Work request >> Pictures stay out; print the rest of the listing below exactly as it stands.

[[ Information supplied open ]]

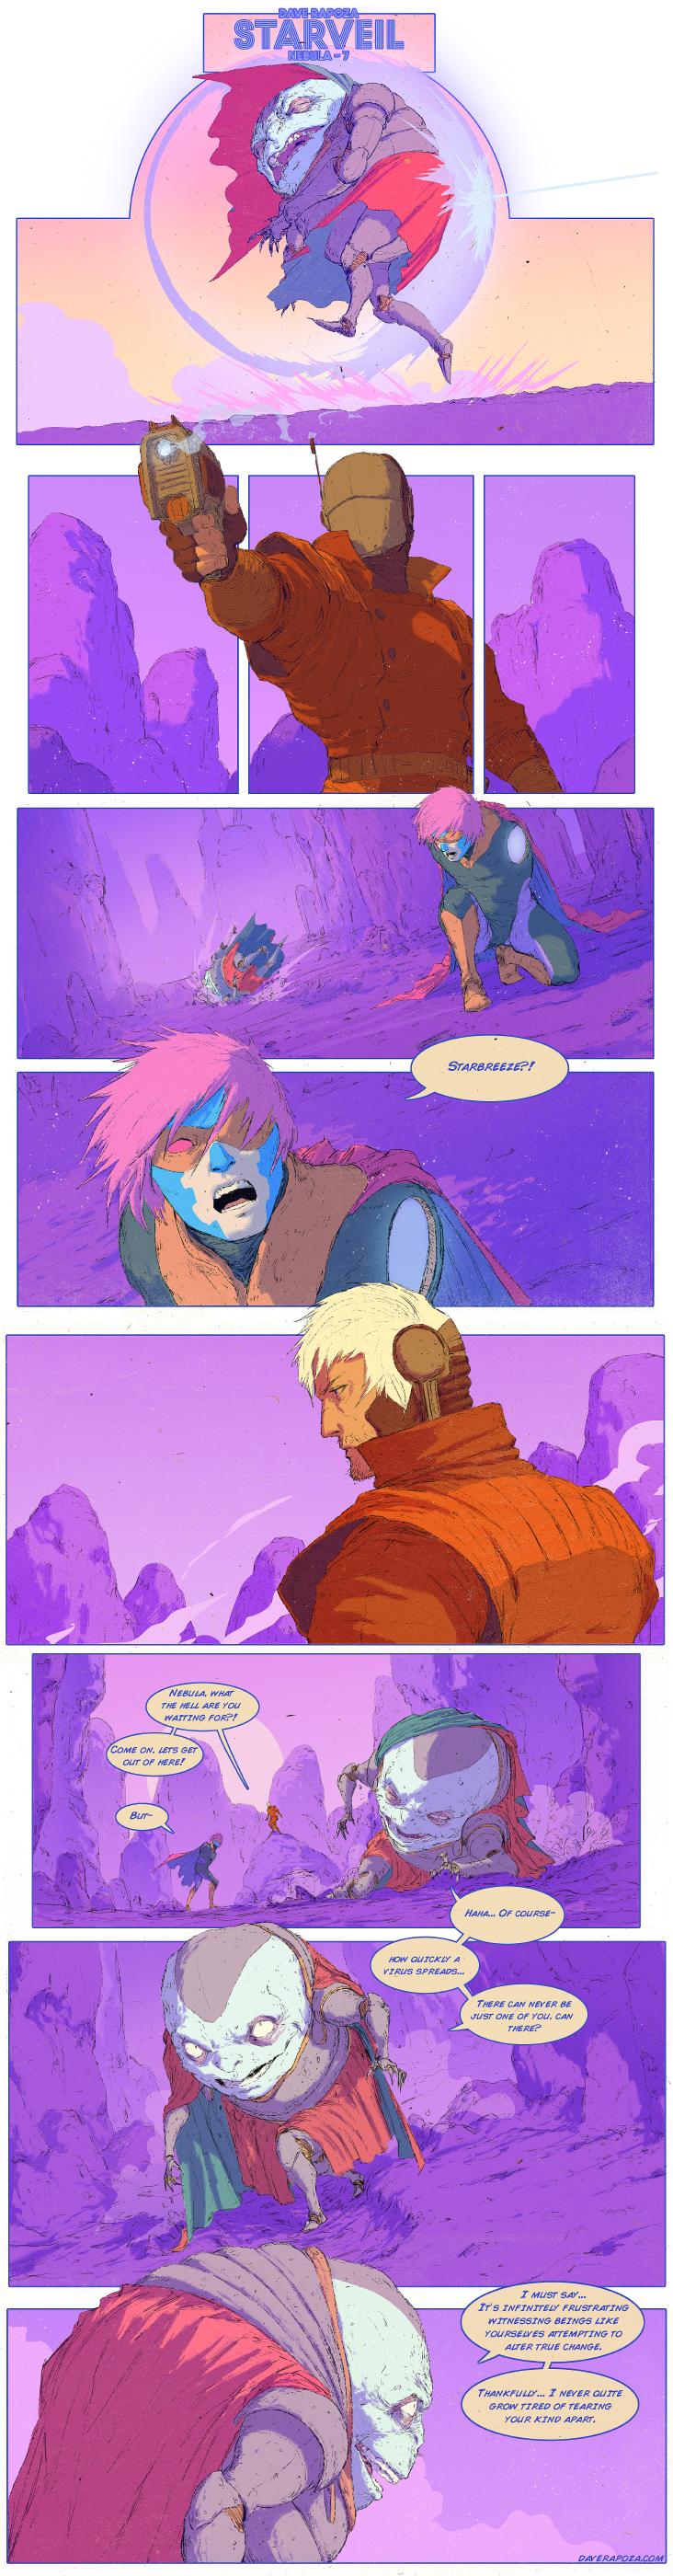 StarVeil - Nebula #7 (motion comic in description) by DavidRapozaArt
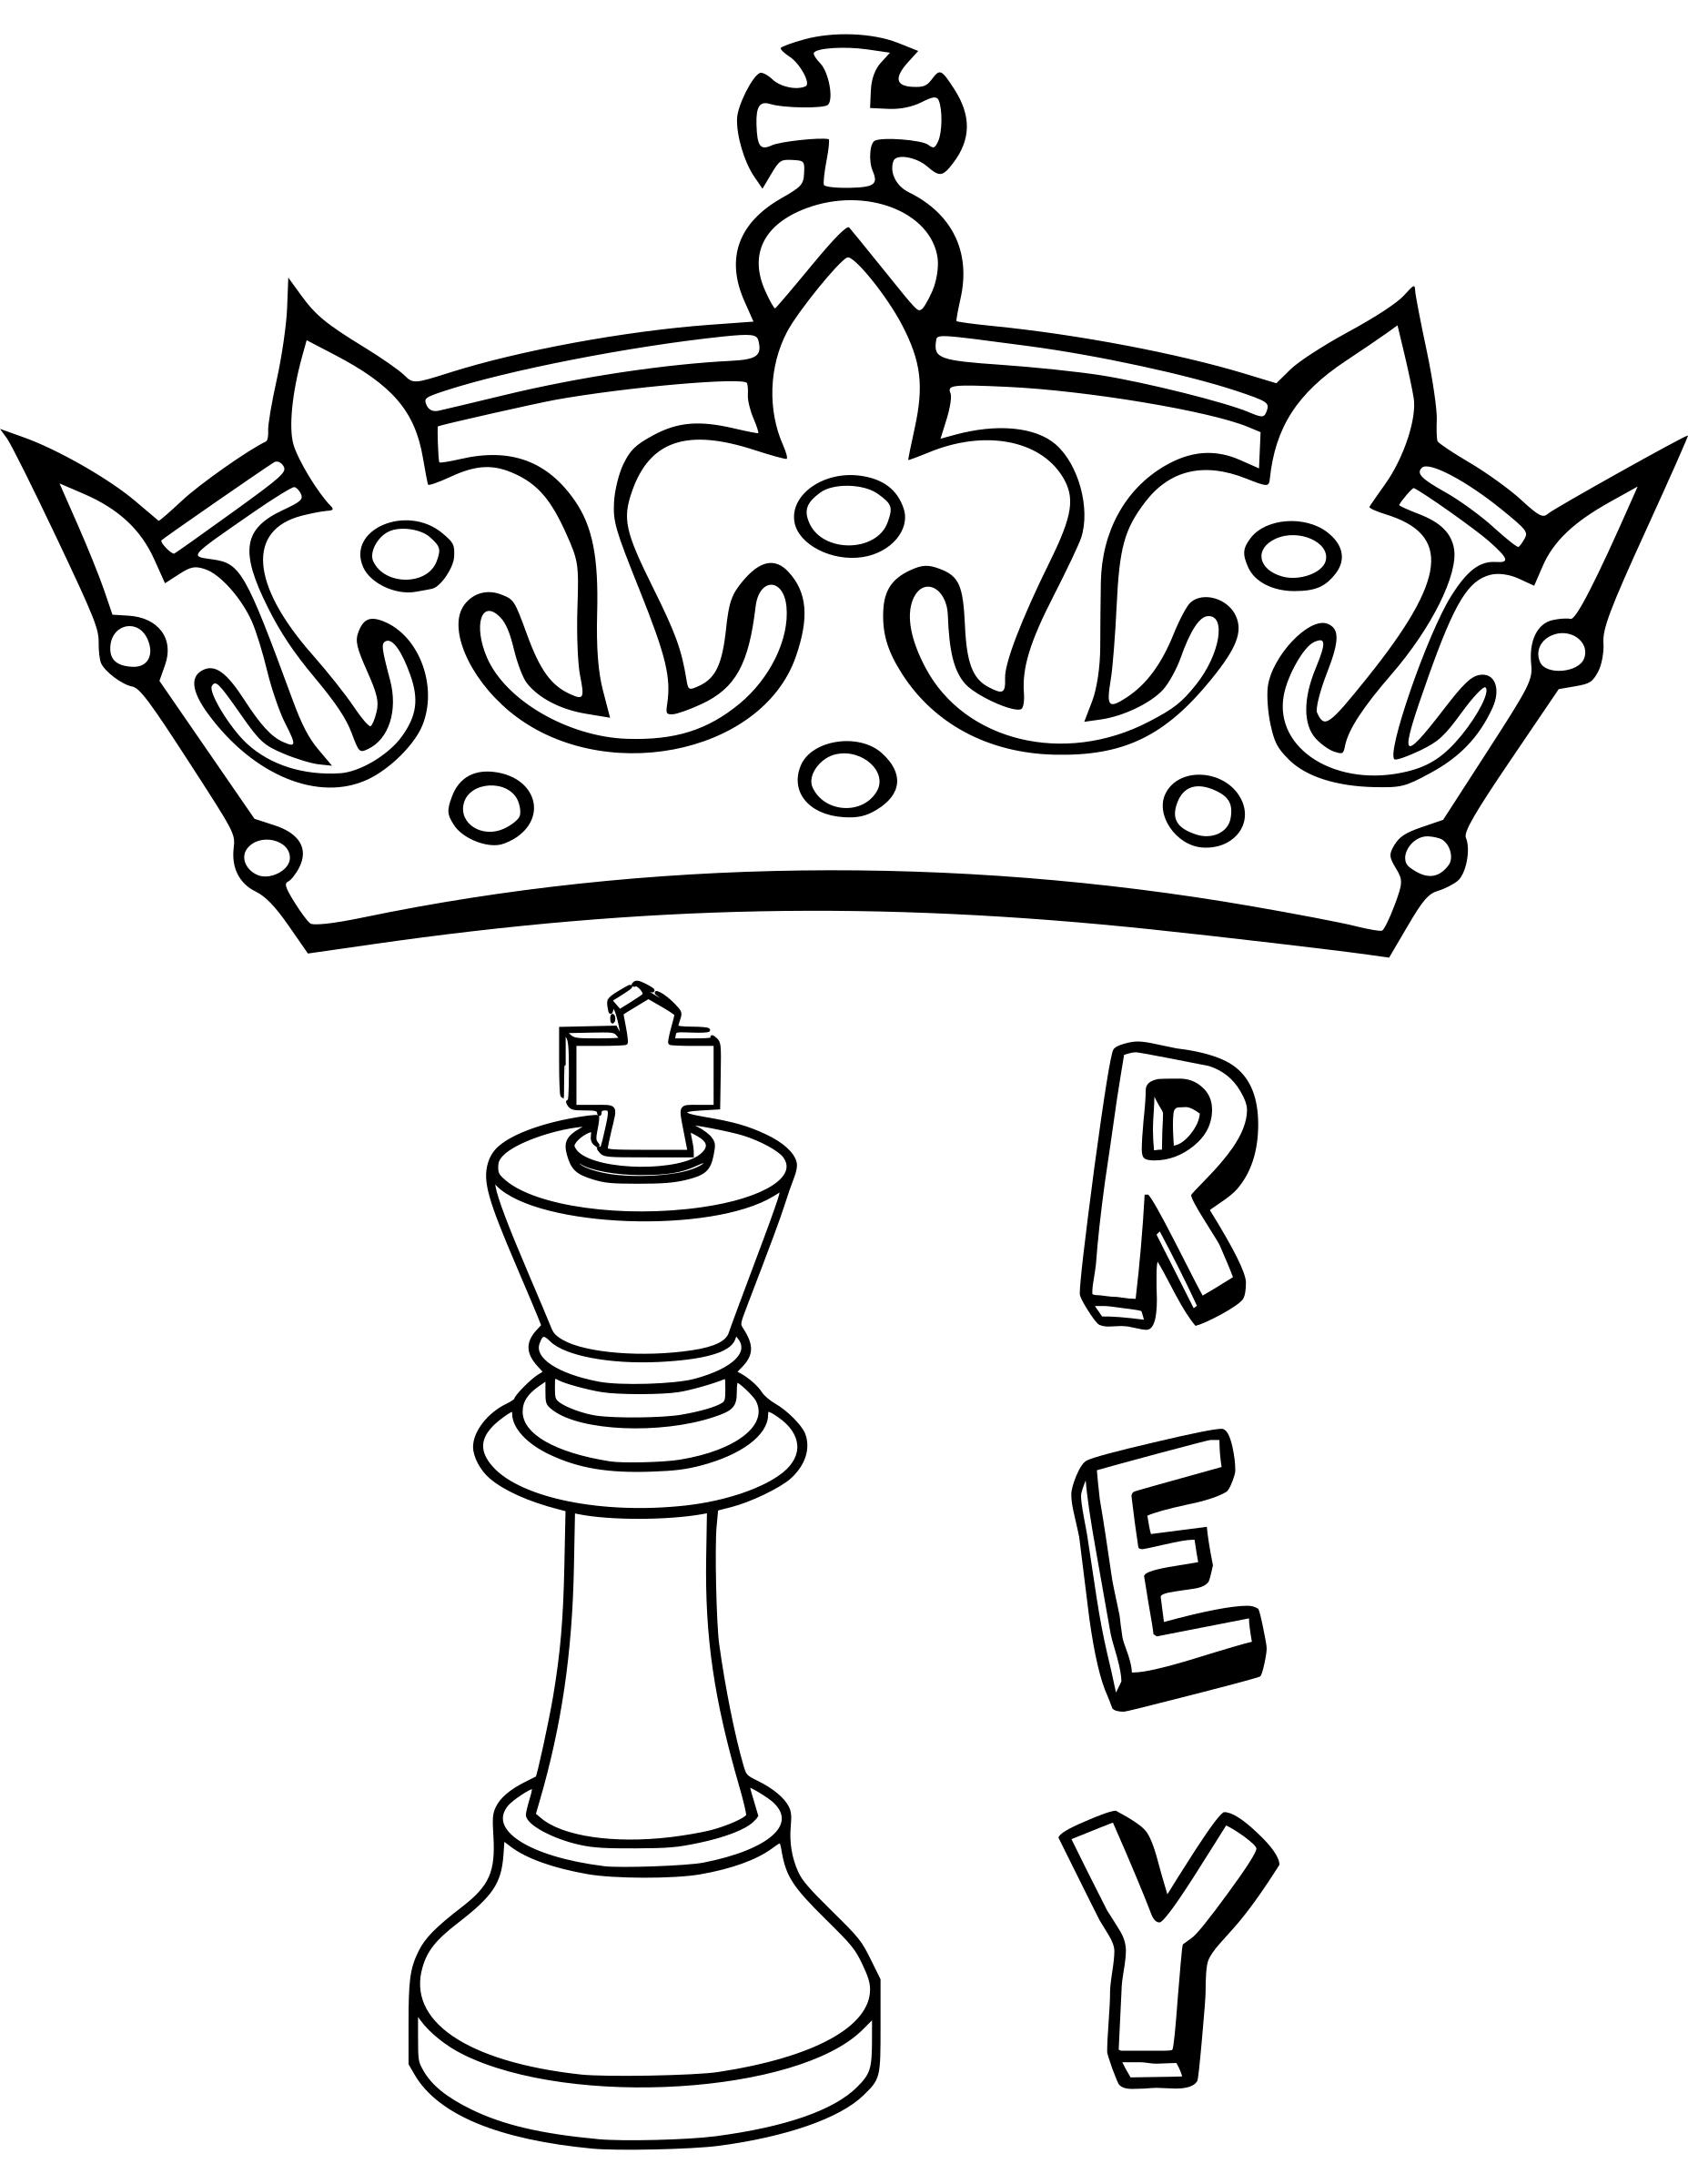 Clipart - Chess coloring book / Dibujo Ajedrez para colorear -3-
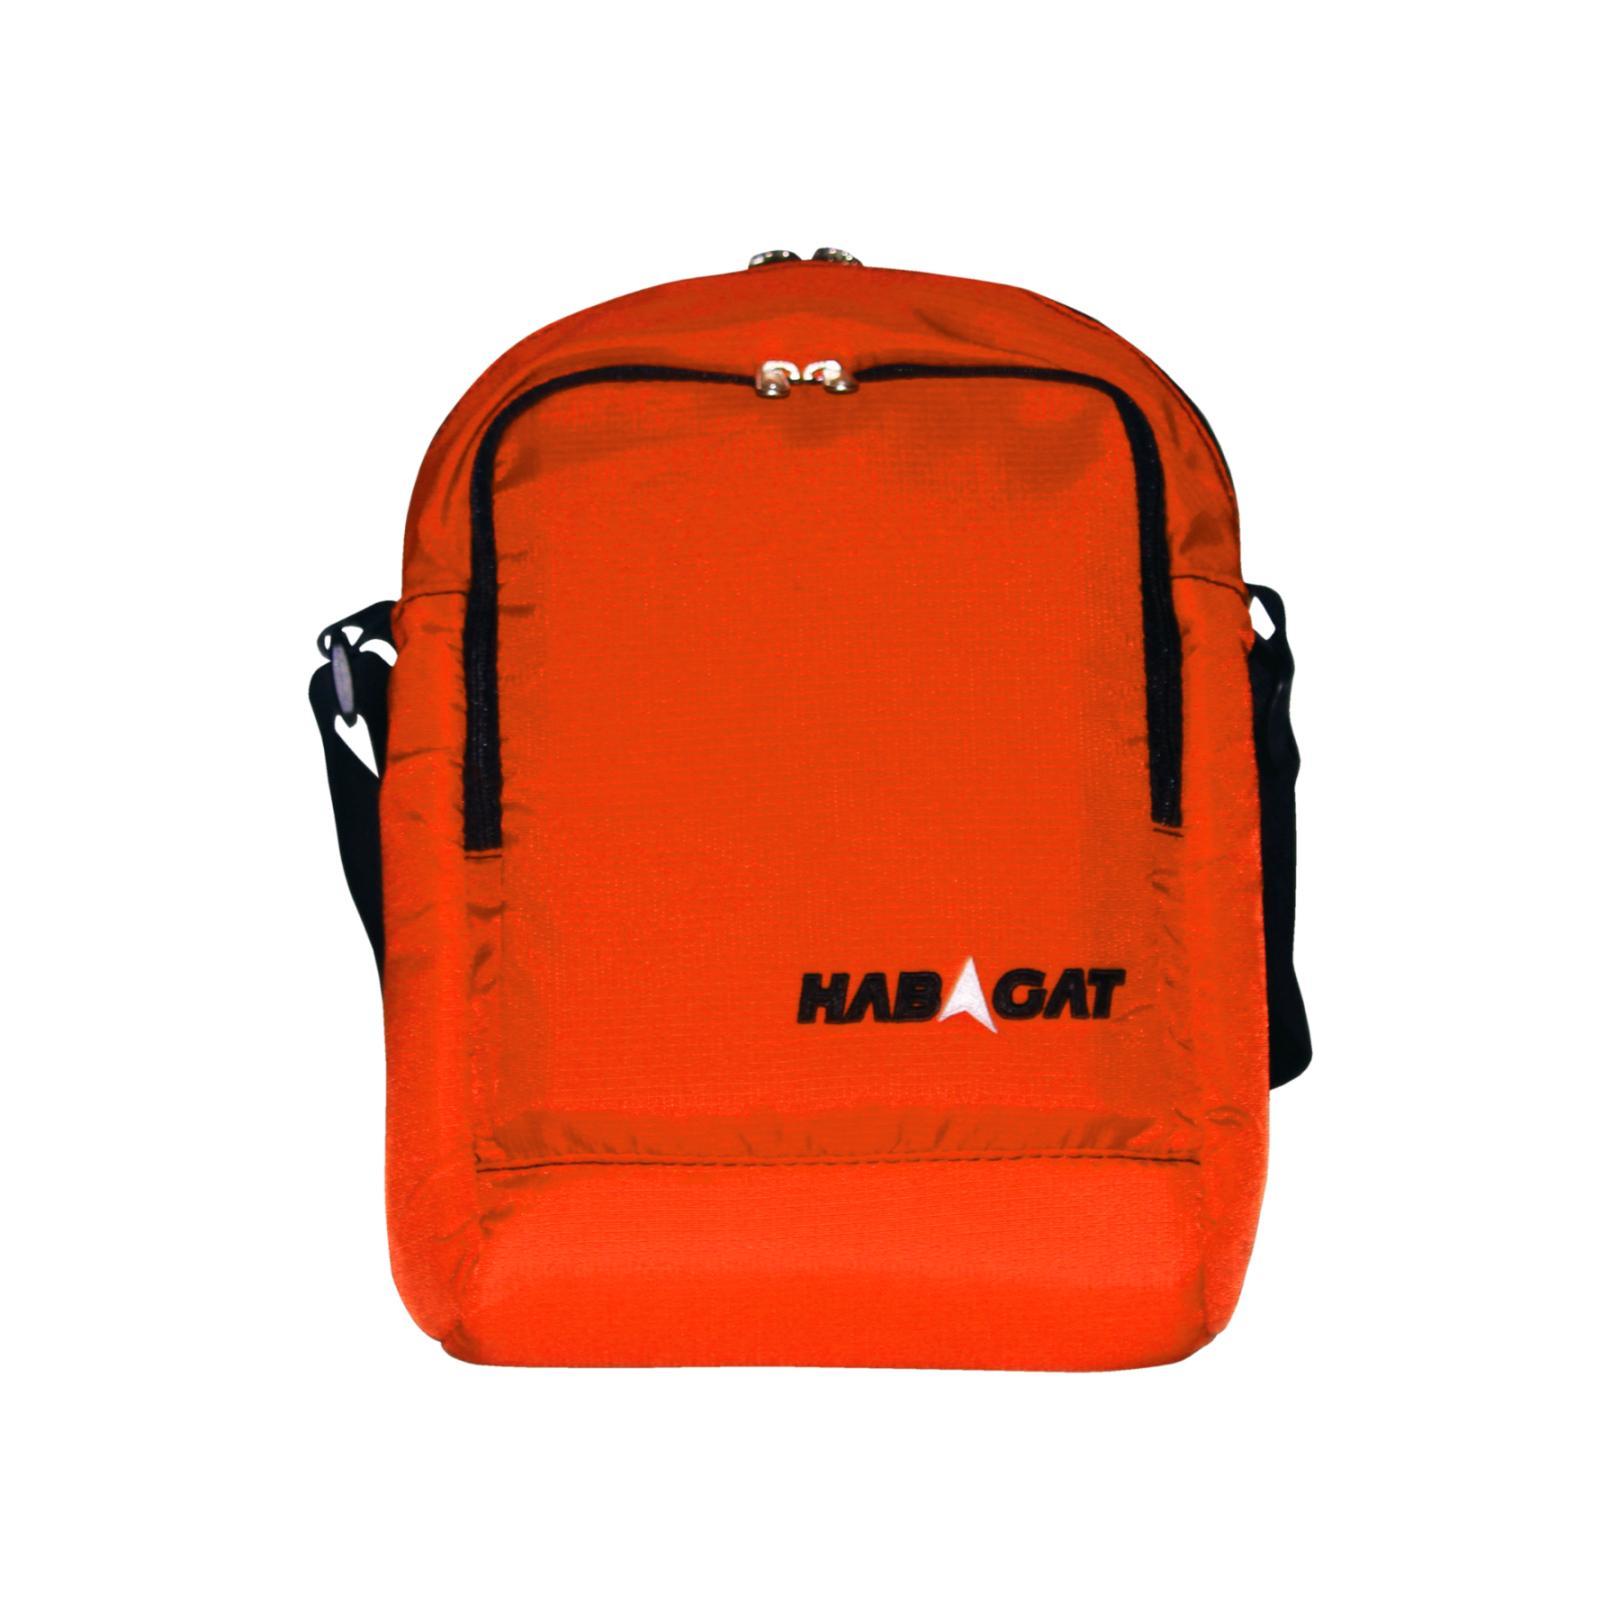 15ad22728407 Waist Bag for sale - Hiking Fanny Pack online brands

[[ Information supplied closed ]]

Your response >>
 StarVeil - Nebula #7 (motion comic in description) by DavidRapozaArt
 Clipart - Chess coloring book / Dibujo Ajedrez para colorear -3-
 15ad22728407 Waist Bag for sale - Hiking Fanny Pack online brands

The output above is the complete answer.